Casually misrepresenting, misinterpreting, sexualizing, racializing or simply denying the foundations of a religious tradition are not simply trafficking in microaggressions, but are nothing less than epistemological violence—conferring a measurable trauma. Let the reality of epiphenomenology of historical trauma inform the discipline. Recruit, train, encourage and cultivate a generation of emic scholars and change the foundations of peer-review sensitive to novel paradigms recognizing the extent to which Hindu studies has been singularly problematized.

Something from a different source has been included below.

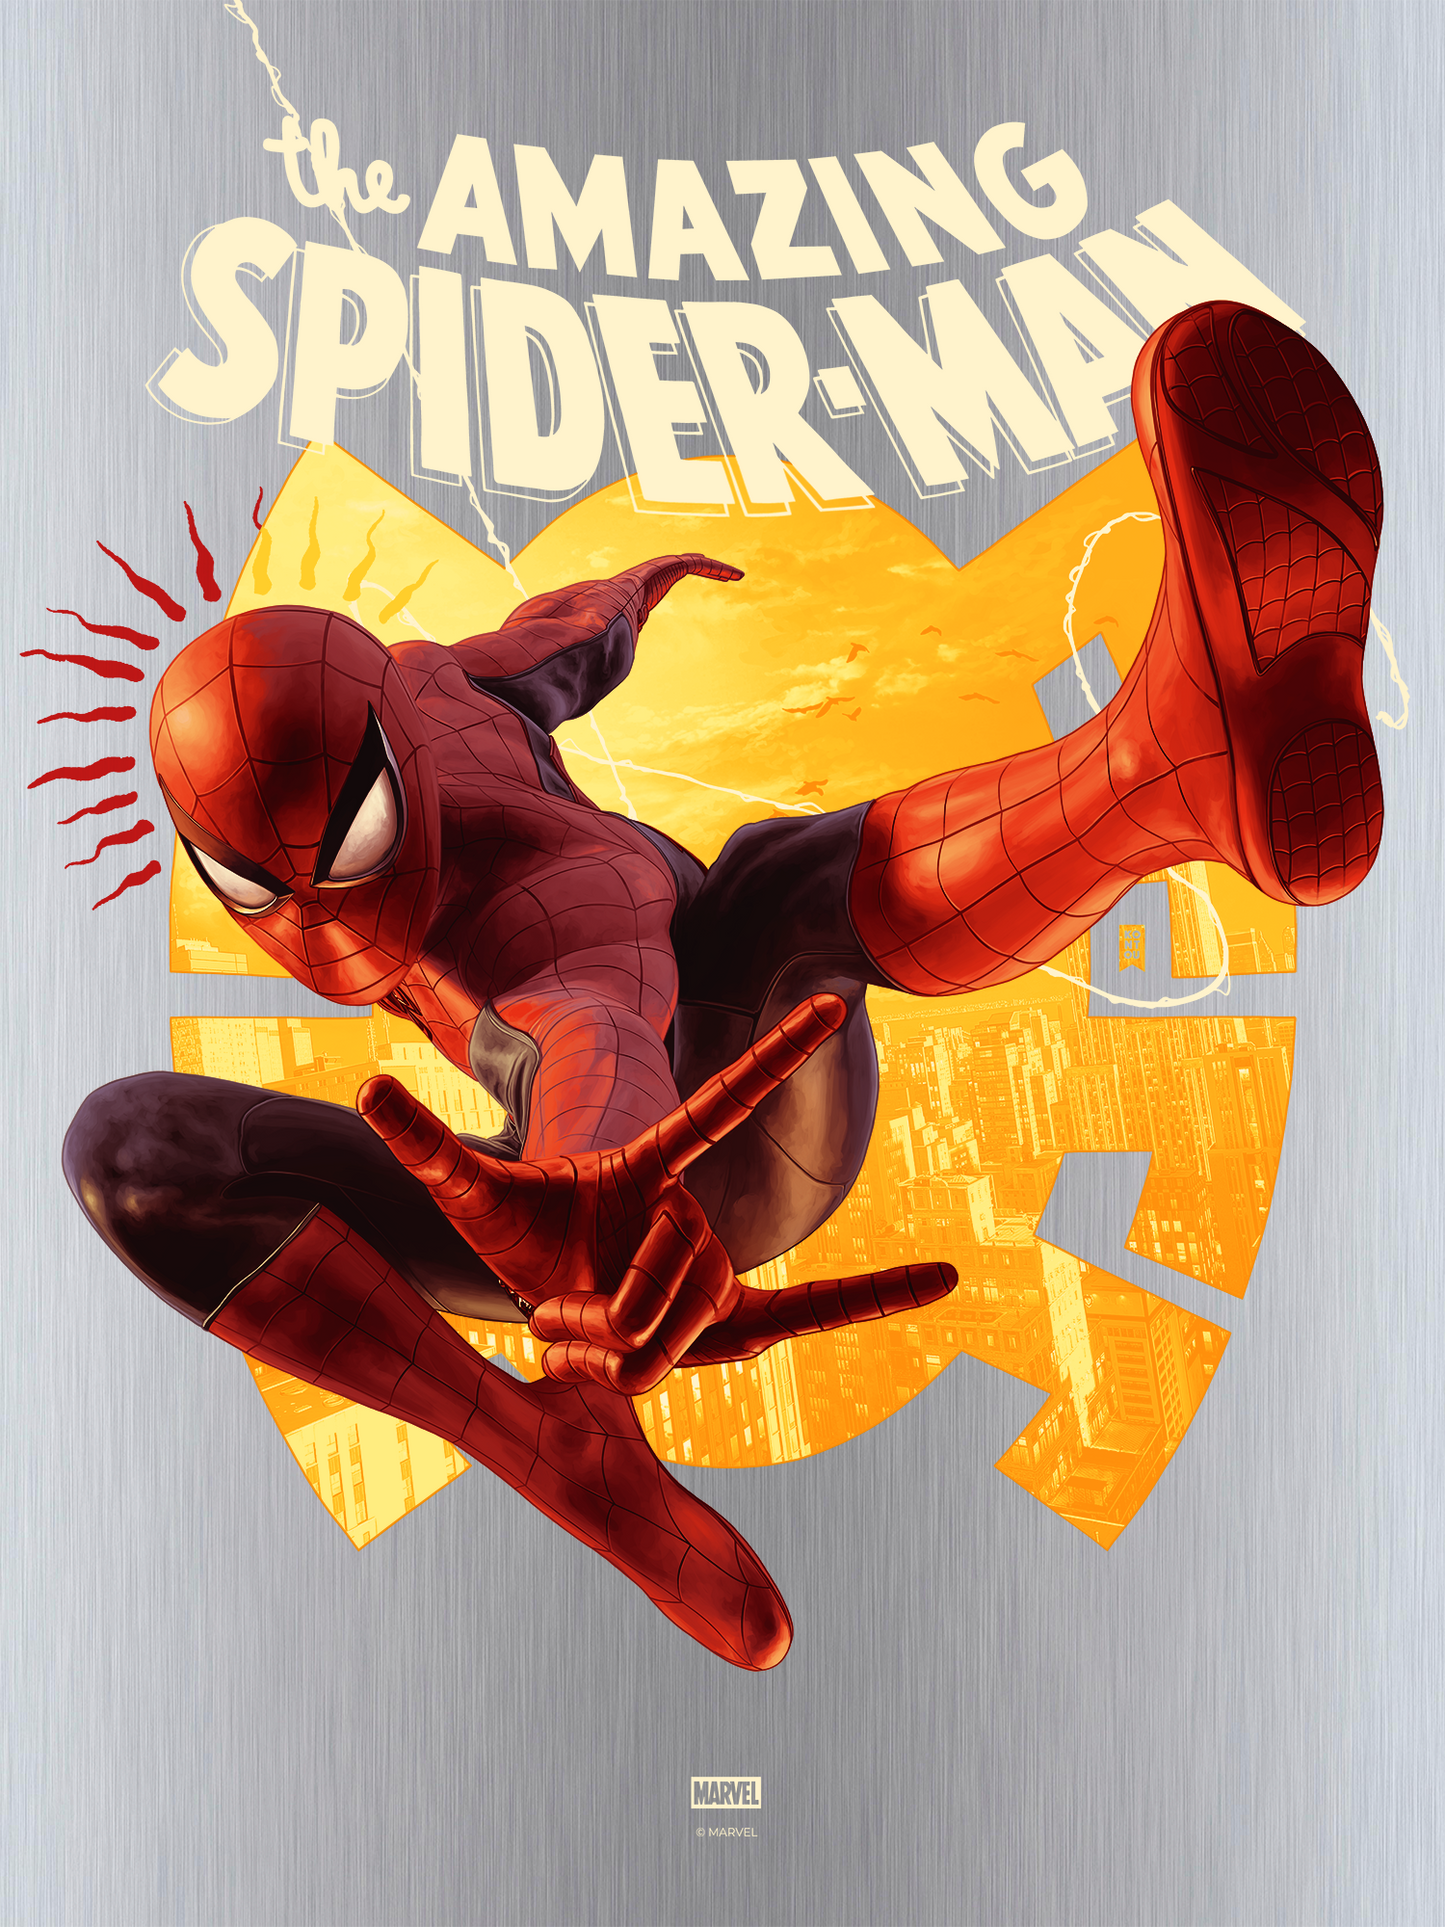 Jake Kontou "The Amazing Spider-Man" Aluminum Print

And, indeed, center and platform institutions organically developed from the Hindu community, such as the Hindu University of America—a totipotent moment of unrivaled possibility. Only then can the ravages of colonial to post-colonial, ancient to postmodern, and indigenous to Western binaries be discarded. And only then can a Hindu studies, rooted in the contemplations of seers and sages that spoke the primordial words of a religious tradition, speak for that tradition again.